Take the Tobu Line from Asakusa or Ginza Stations to get to Nikko in approximately two hours on the rapid trains. Trains depart approximately once every hour and cost around 1400 yen (US$13). Seats are unreserved. For reserved seating, limited express trains depart in the morning and afternoon, but will cost more. Another option is the JR Tohoku Shinkansen from Tokyo Station. Get off at Utsunomiya Station and transfer to the local JR Nikko Line. The shinkansen from Tokyo will cost around 5,000 yen (US$46).

Moss-covered statue, Nikko © Andy Lamb/Flickr

Stay

The Okunoin Hotel Tokugawa is a great choice for those who need more luxurious accommodations. The on-site restaurant serves local cuisines so guests can immerse themselves in the culture, while the indoor-outdoor onsen is the perfect escape in any season. Meanwhile, Rindo-no-le is a minshuku (a small ryokan, much like a bed and breakfast) that offers modest Japanese-style rooms, optional meals and authentic Japanese hospitality at a lower price point.

Getting around

Visitors to Nikko will be pleased to discover that many of the region’s top sights are within walking distance to one another.
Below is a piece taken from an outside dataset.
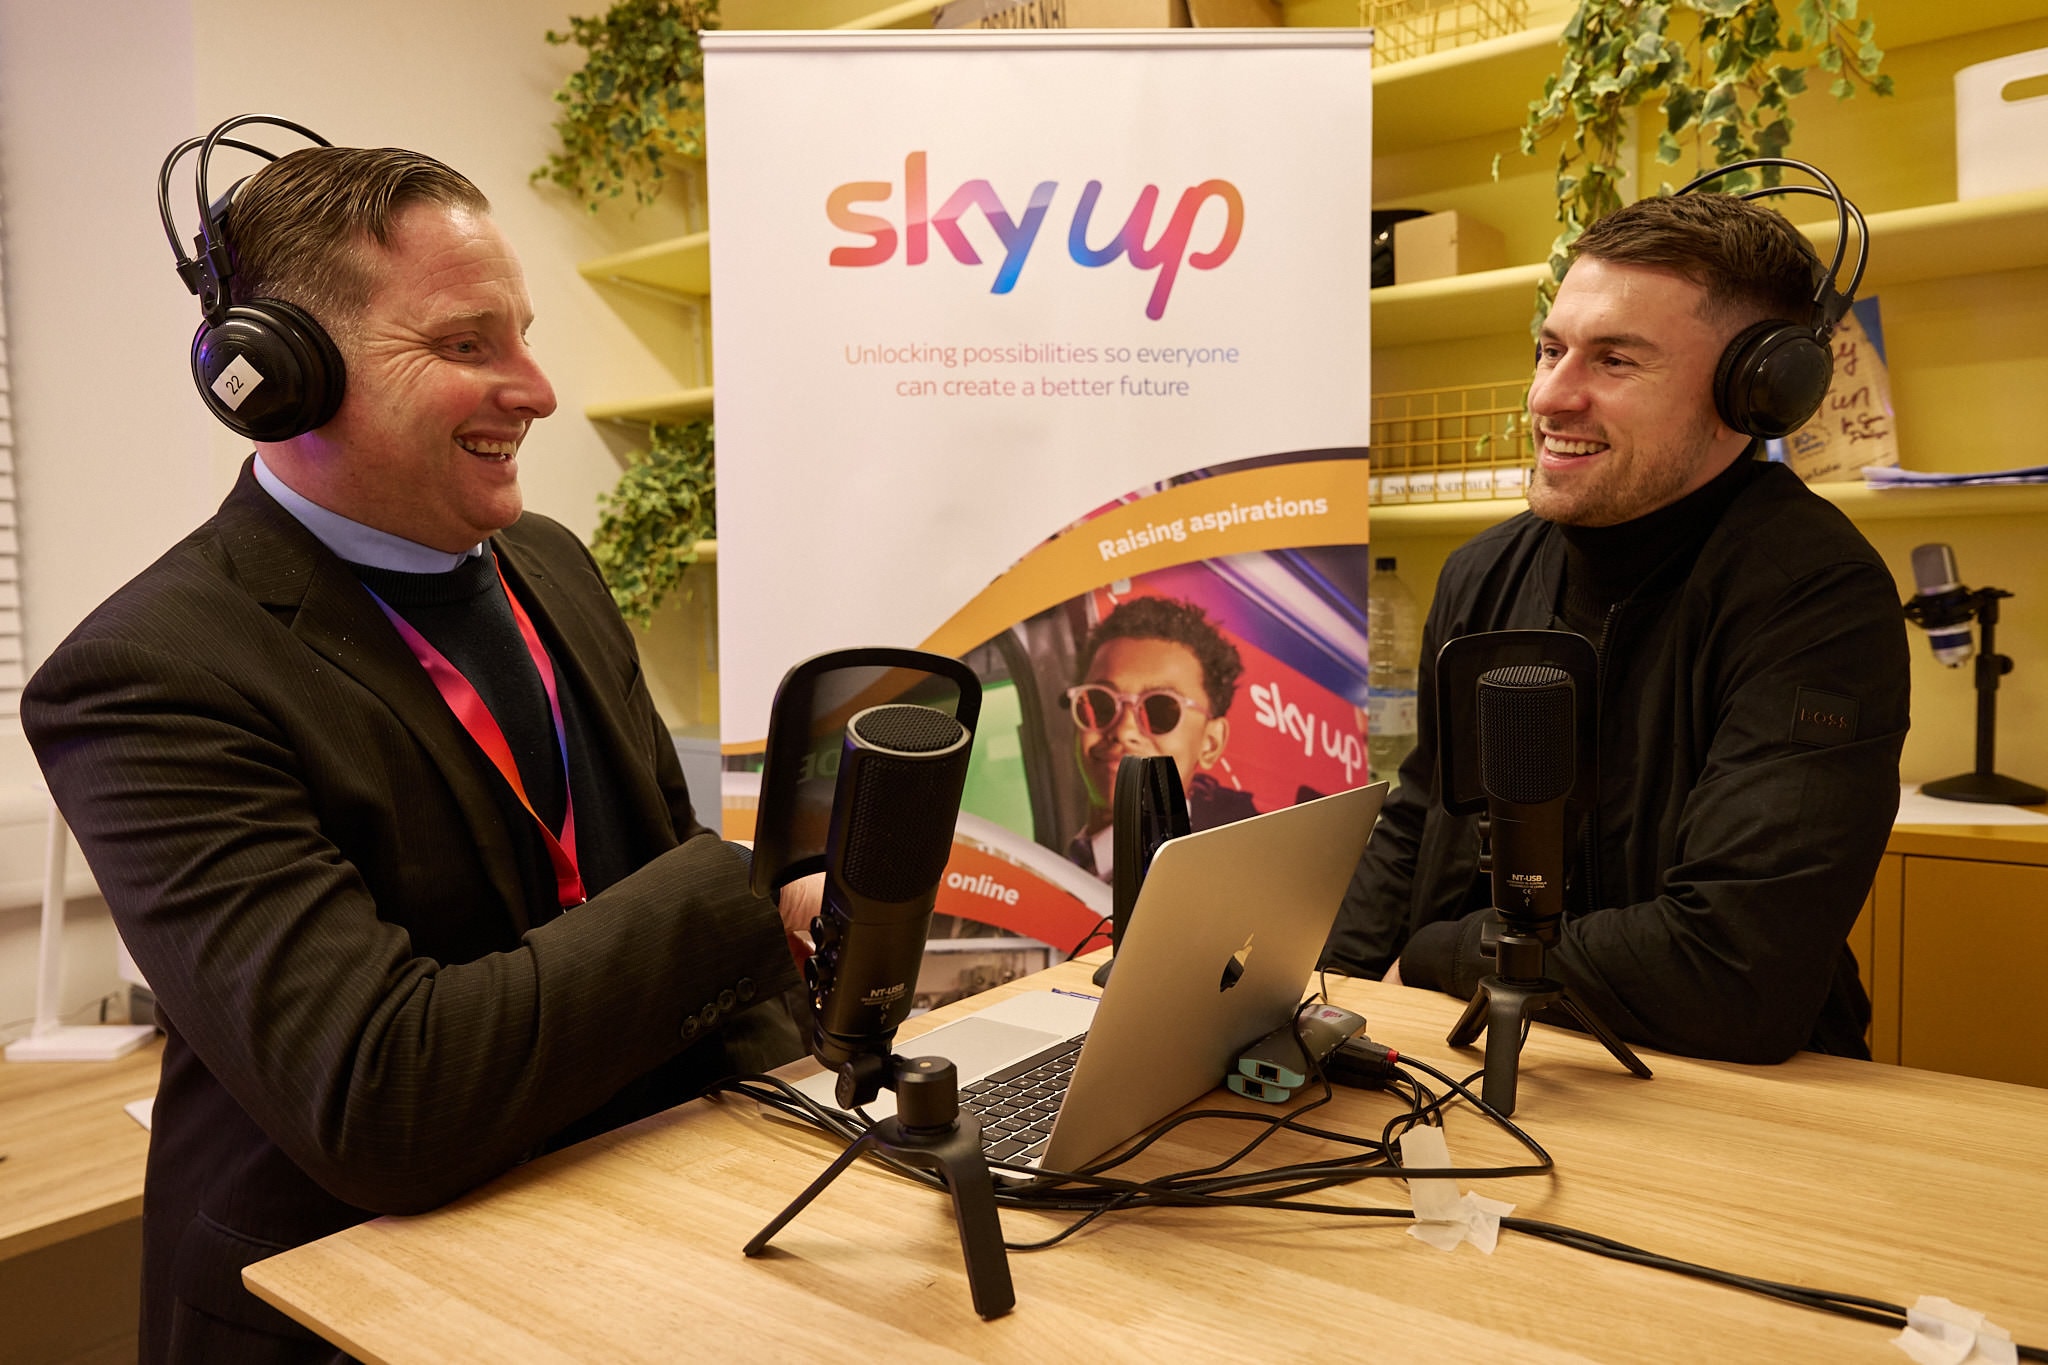 Sky partners with Cardiff Council’s Youth Services to open first Sky Up Digital Hub in Wales

Take the World Heritage Meguri Loop Bus from JR Nikko Station or the Tobu Nikko Station for easy access to the sites. You can purchase a two-day bus pass from Tobu Nikko Station. Remember that museums, shrines, and tombs will have their own separate entrance fees.

Forests around Nikko © Kabar/WikiCommons

See

Get off at the Omotesando bus station and make your way to Shin-kyo, the red bridge crossing that will give you an introduction to the natural beauty of Nikko. Then on to Rinno-ji. Rinno-ji is the primary Buddhist temple in Nikko. Be sure to check out nearby Homotsu-den, a museum of Edo-era artifacts and exhibits. Also on the grounds is the Shoyo-en, a picturesque Japanese garden that’s at its best in fall.

Rinno-ji in autumn © Kimon Berlin/Flickr

Tosho-gu is the highlight of any trip to Nikko. This beautiful Shinto shrine also houses the sacred tomb of Ieyasu Tokugawa, former Shogun of Japan. Nearby is Futarasan-jinja. The building that houses this shrine is Nikko’s oldest, constructed in 1619. Futarasan-jinja is dedicated to the kami of the nearby mountains, Nantai-san, Nyotai-san, and Taro, the collective protectors of Nikko. The Futarasan-jinja, Tosho-gu, and Rinno-ji make up the bulk of the UNESCO World Heritage Site designations for “The Temples and Shrines of Nikko.”

Stone lanterns at Tosho-gu © DavideGoria/Flickr

The natural beauty of Nikko National Park is one of the main draws of the region, so be sure to set time aside to appreciate it. Take the Yumoto Onsen bus line to Chuzenji Onsen, a small hot spring town. From here, you can easily make your way to Lake Chuzenji and Kegon Falls. Lake Chuzenji pools at the foot of the sacred Mount Nantai, while Kegon Falls was voted one of Japan’s most beautiful waterfalls.